Quoting Nick Cox <[email protected]>:

> Having looked again at the code, the problem appears to be   
> identifying panels for which the number of non-missing values of   
> -TotalReturn- is at least a predefined value stored in a local macro  
>  -requiredEstimationPeriod-.
> That is
> egen nvalid = count(TotalReturn), by(id)
> drop if nvalid < `requiredEstimationPeriod'
> Nick
> [email protected]
> Nick Cox
> Martin answered the question here, but various secondary points   
> arise from looking at the code. Most are on style and most are of   
> some wider interest.
> 1. The loop consists of repeated -drop-ping of observations not   
> desired, working with the remaining subset and then a -restore- of   
> the original. It is difficult to say in general what is most   
> efficient and what most elegant but for a situation like that below   
> I'd normally just add an extra condition excluding the observations   
> not wanted, rather than repeatedly doing major surgery on the   
> dataset. However, others could equally point out that applying -if-   
> on a very large dataset can be time-consuming.

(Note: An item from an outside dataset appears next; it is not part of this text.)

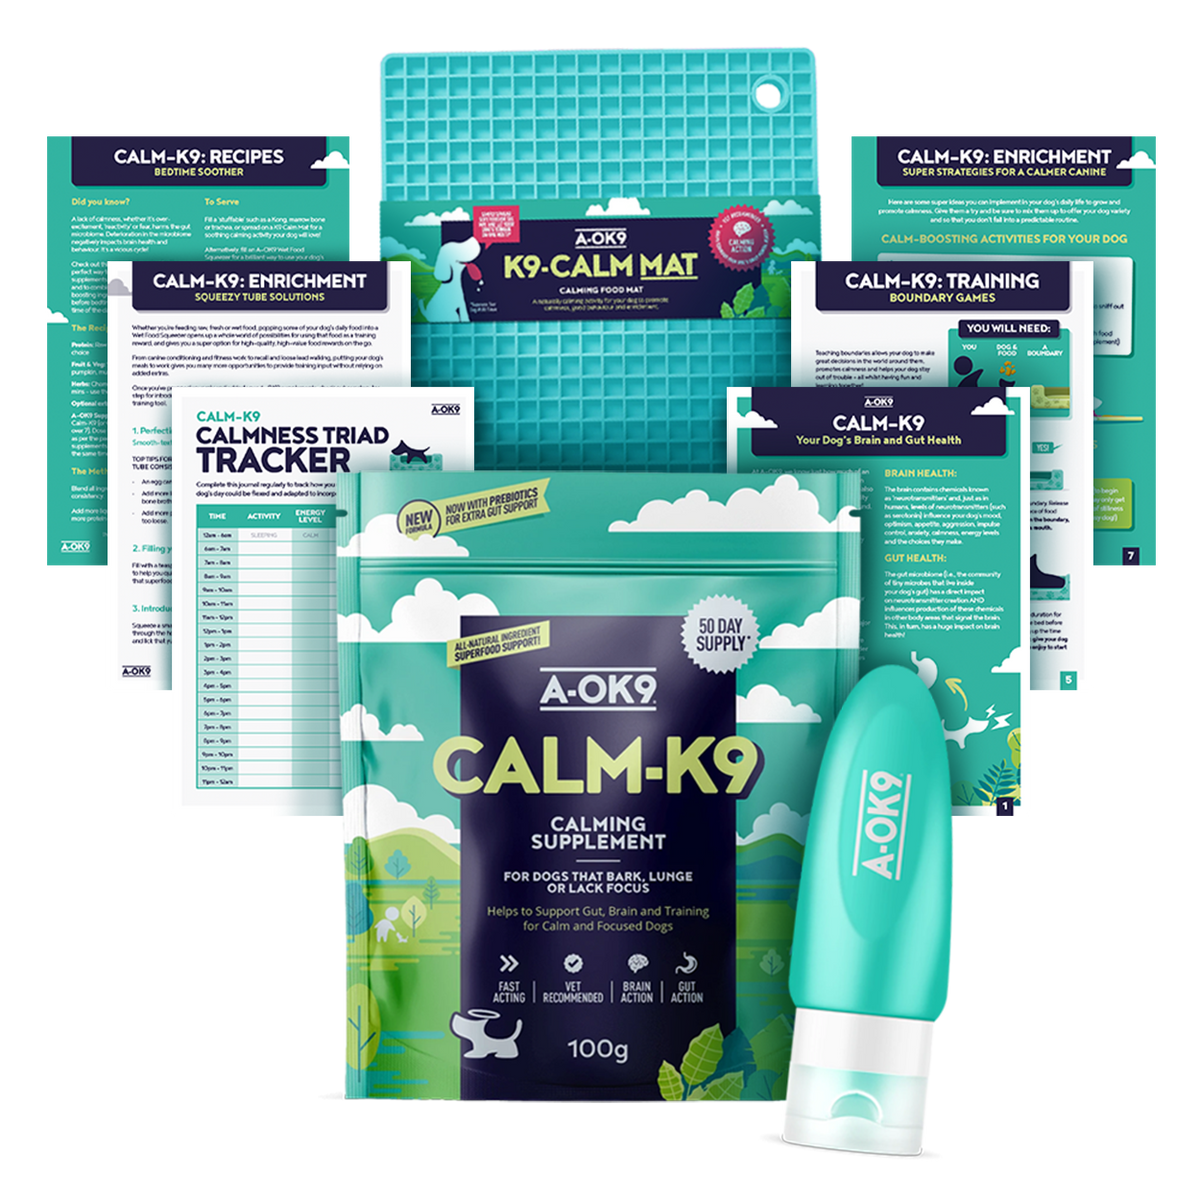 CALM-K9 Results Pack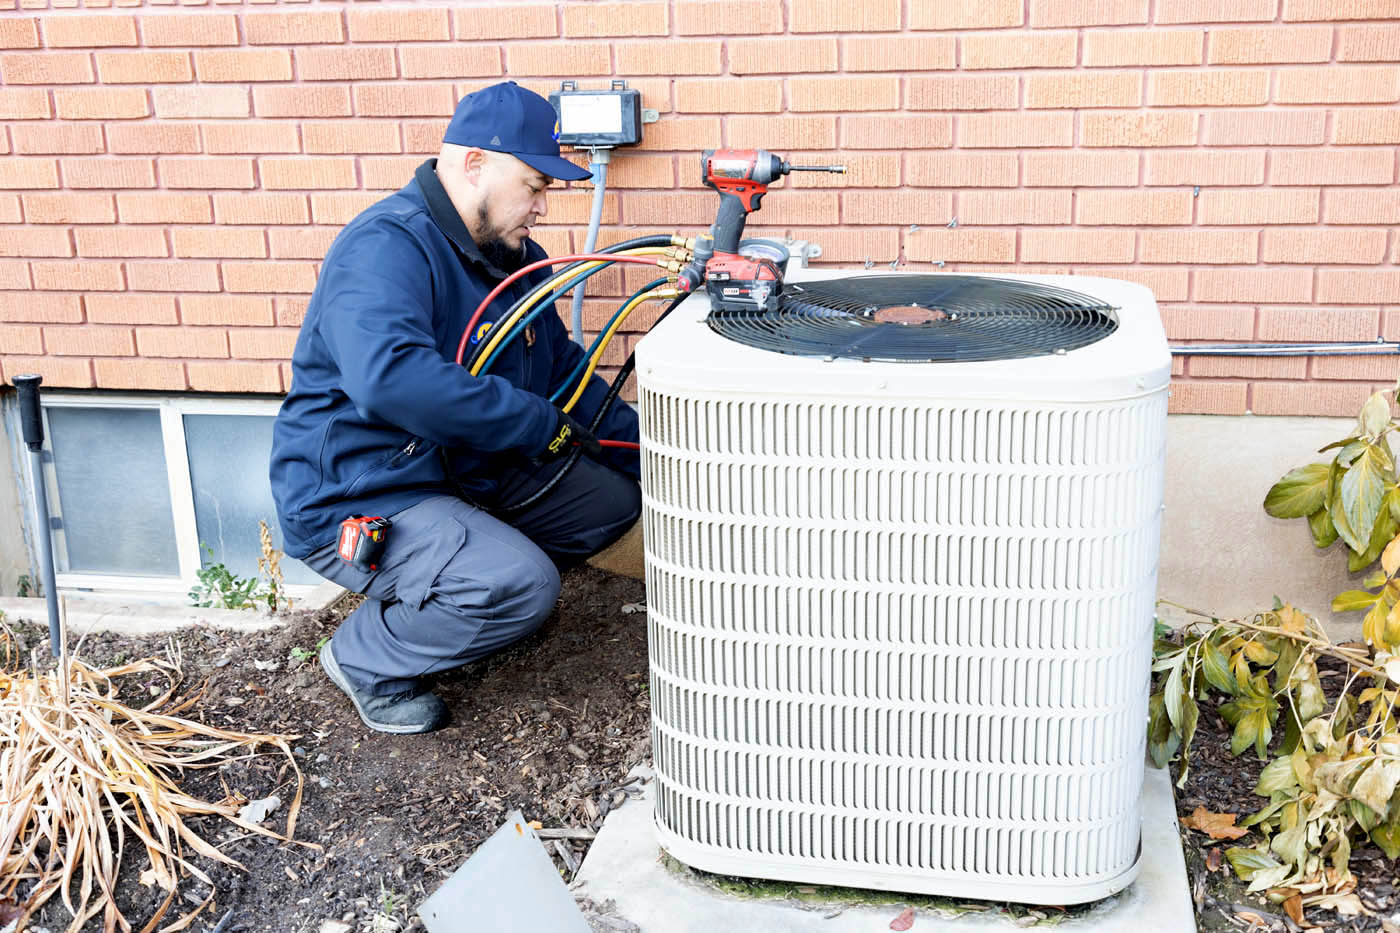 Absolute Comfort technicians working on an air conditioner unit - we almost always offer same-day air conditioning service repair.

> 2. If only the minimum and maximum are needed from a -summarize- it   
> is best just to use a -meanonly- option. (The name -meanonly- is   
> misleading, as I've had occasion to remark before.)
> 3. Code like
> 	local `minDate' = r(min)
> 	<stuff> if <stuff> date >= ``minDate''
> looks legal but odd. You are probably using more levels of macros   
> than you need. It's hard to tell because the code isn't completely   
> self-contained (that's not a criticism; it wasn't necessary for your  
>  question).
> 4. Code in which you loop over the contents of a local macro and   
> change that macro within the loop can be tricky. Watch out!
> 5. The -if- condition in
> 	summarize totalReturn if totalReturn != .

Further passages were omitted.